- [Directions]:
Copy the data below exactly, omitting any picture it contains.

- [Data below]:

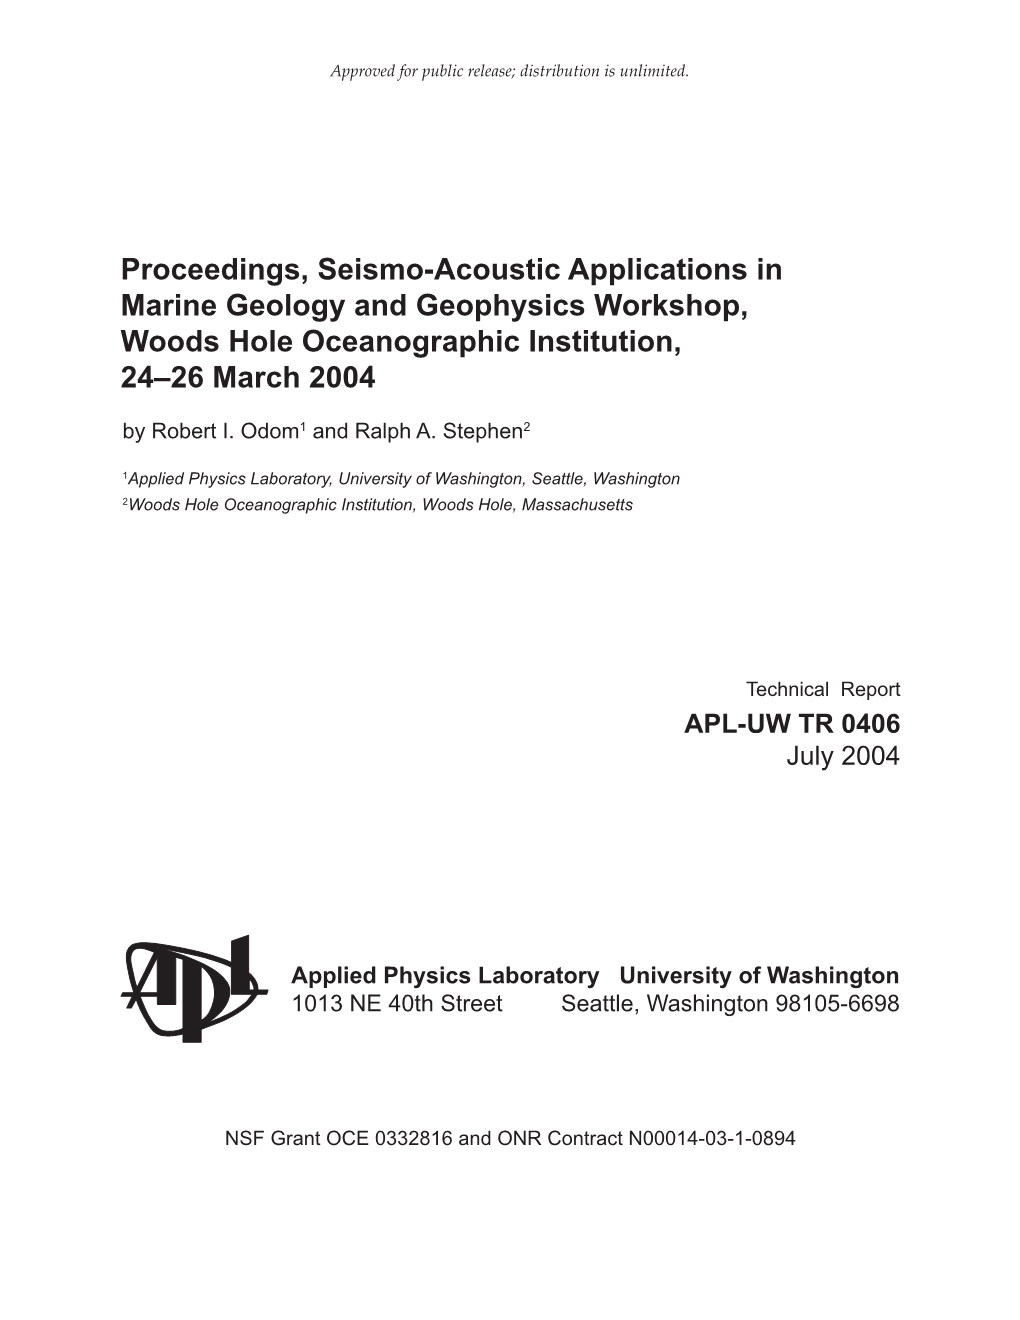 Proceedings, Seismo-Acoustic Applications in Marine Geology and Geophysics Workshop, Woods Hole Oceanographic Institution, 24–26 March 2004 by Robert I
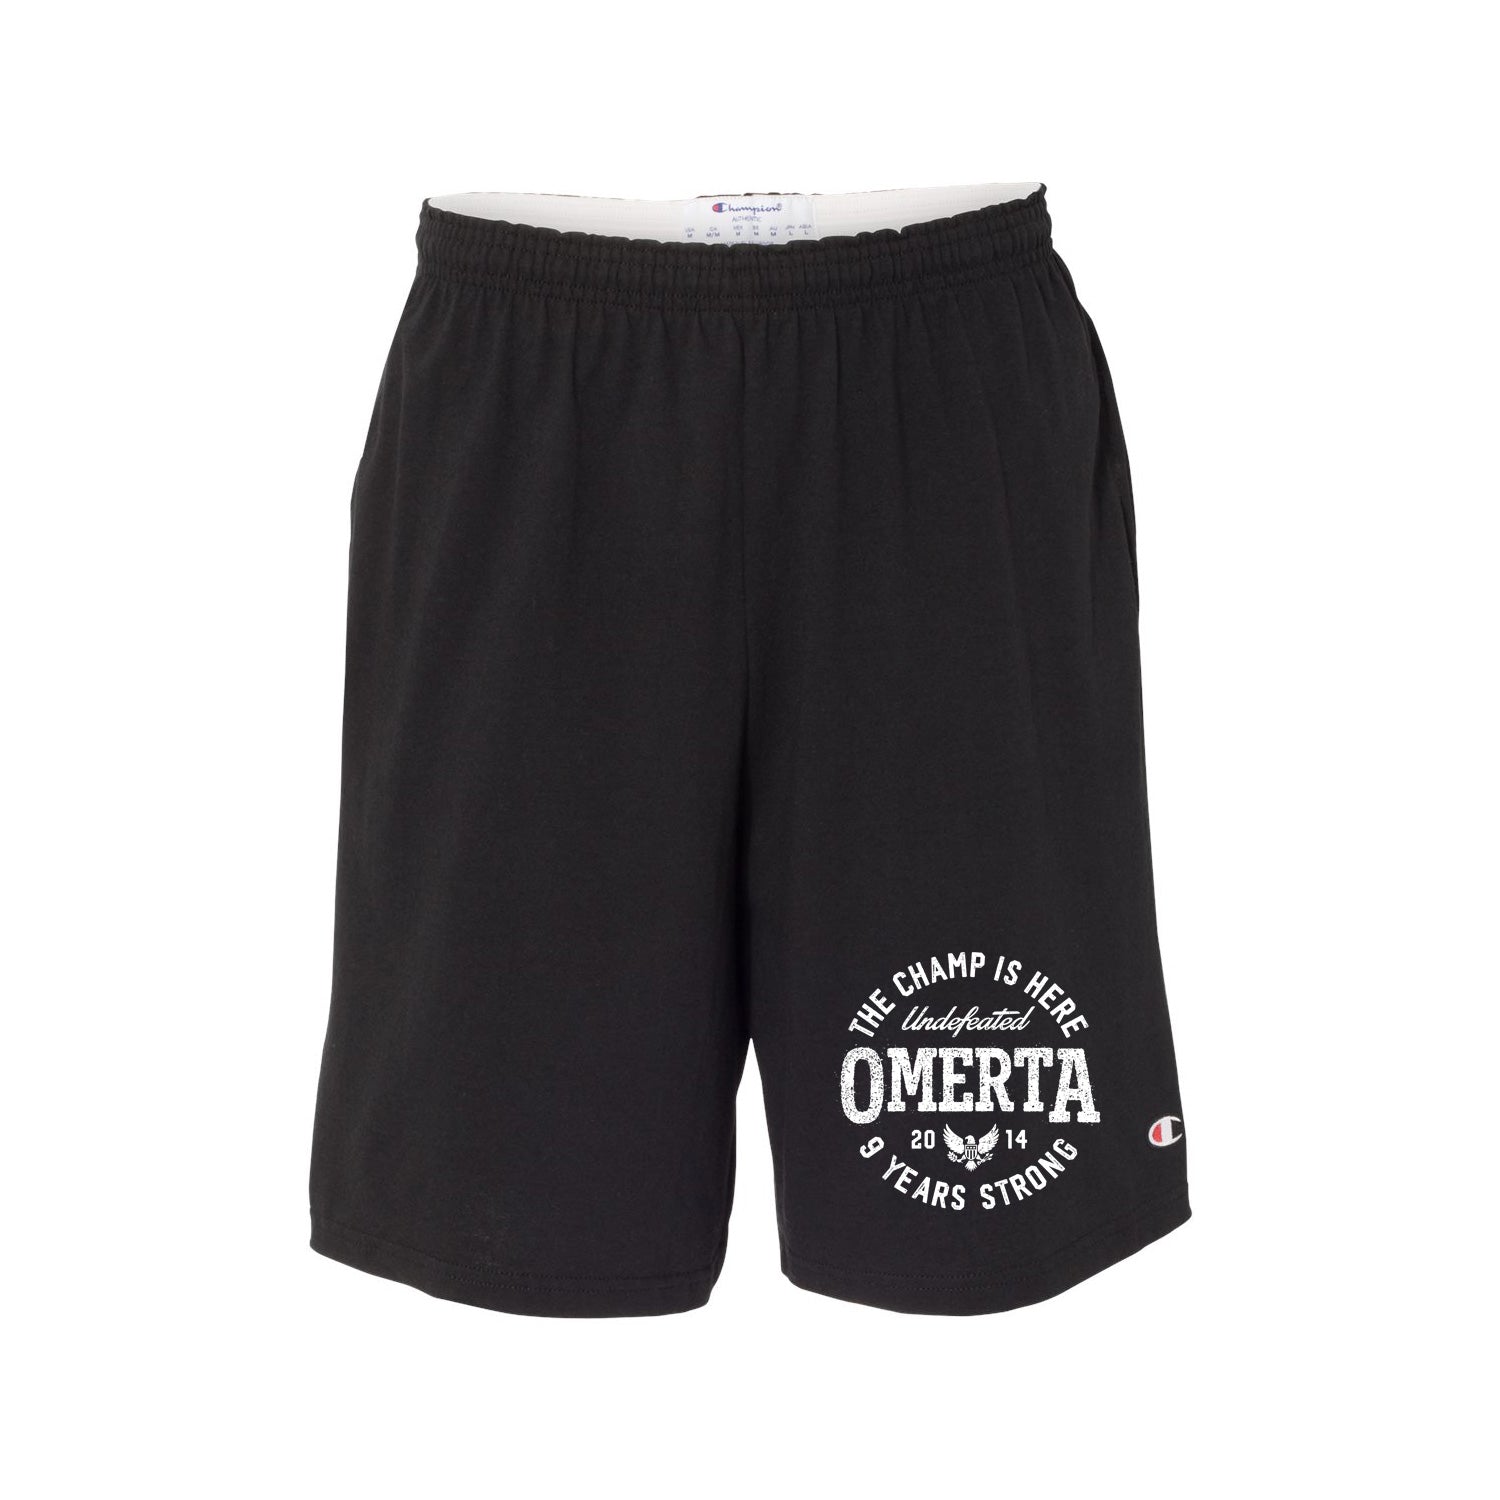 The Champ Is Here Jersey Black Shorts
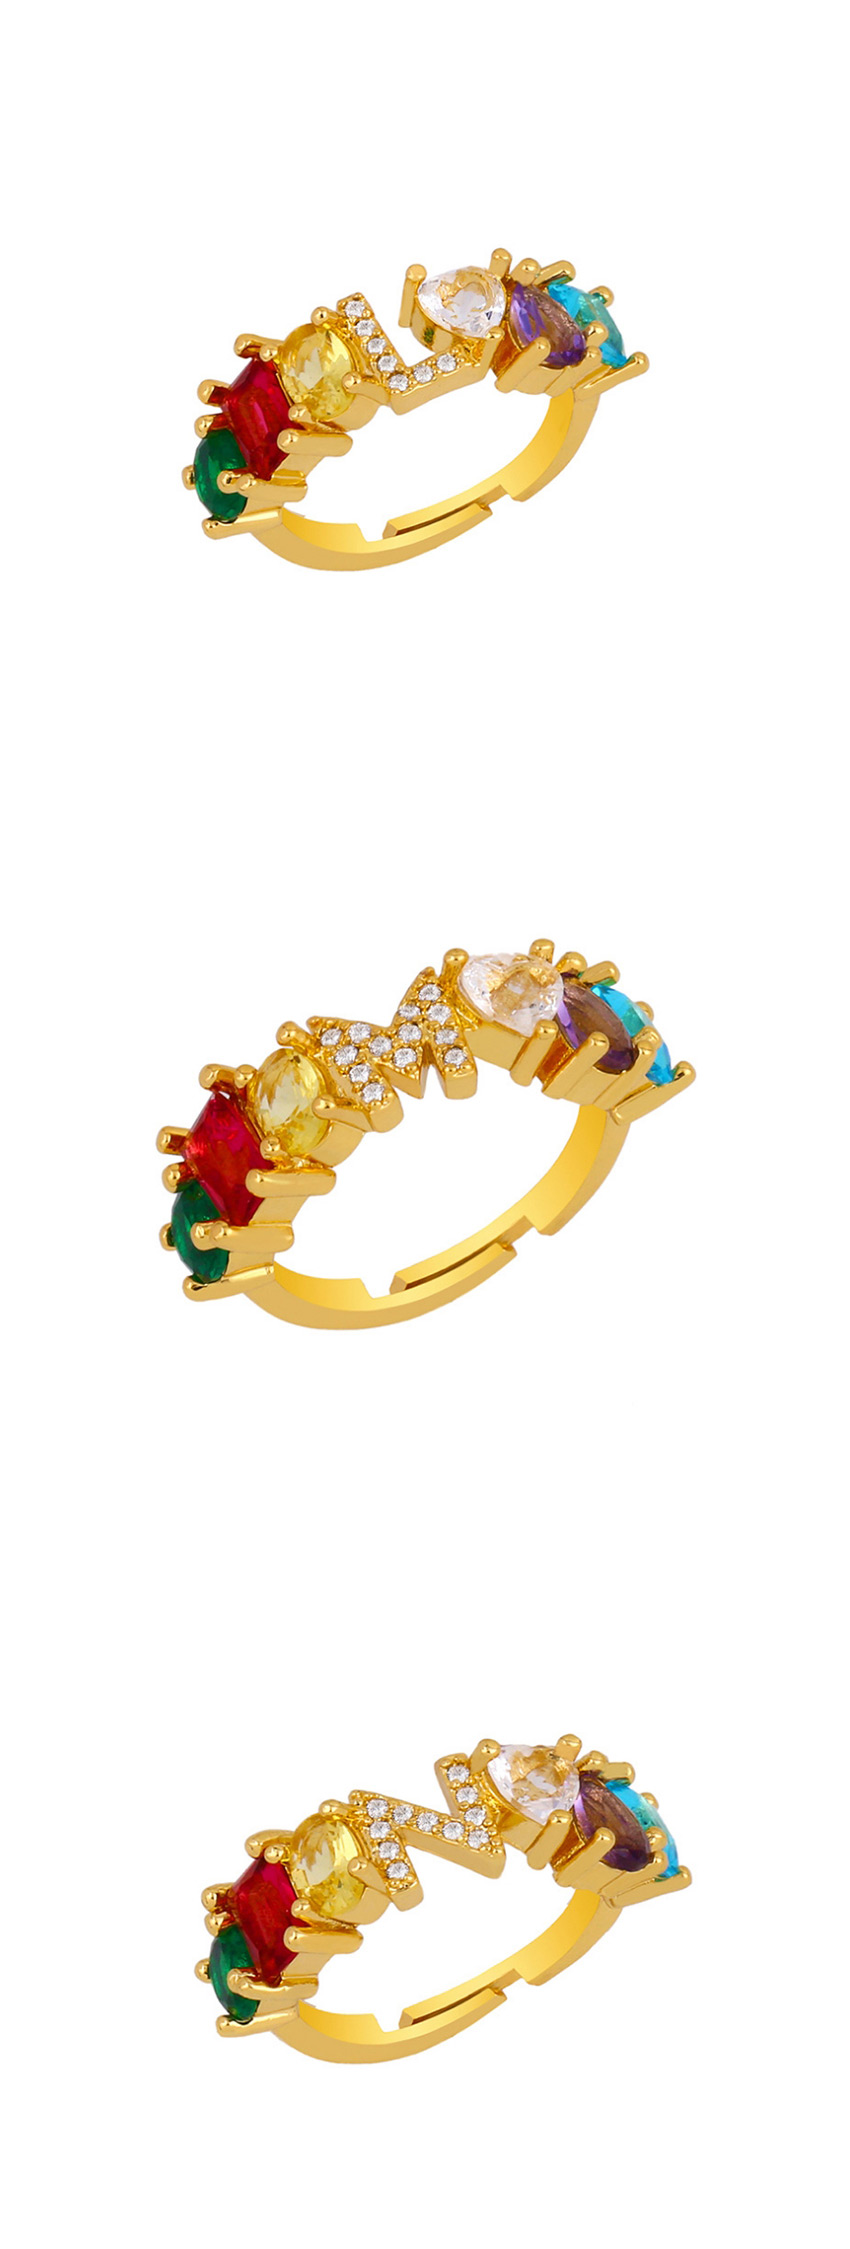 Fashion K Gold Heart-shaped Adjustable Ring With Colorful Diamond Letters,Rings

- [Expected answer]:
 Proceedings, Seismo-Acoustic Applications in Marine Geology and Geophysics Workshop, Woods Hole Oceanographic Institution, 24–26 March 2004 by Robert I
 The Champ Is Here Jersey Black Shorts
 Fashion K Gold Heart-shaped Adjustable Ring With Colorful Diamond Letters,Rings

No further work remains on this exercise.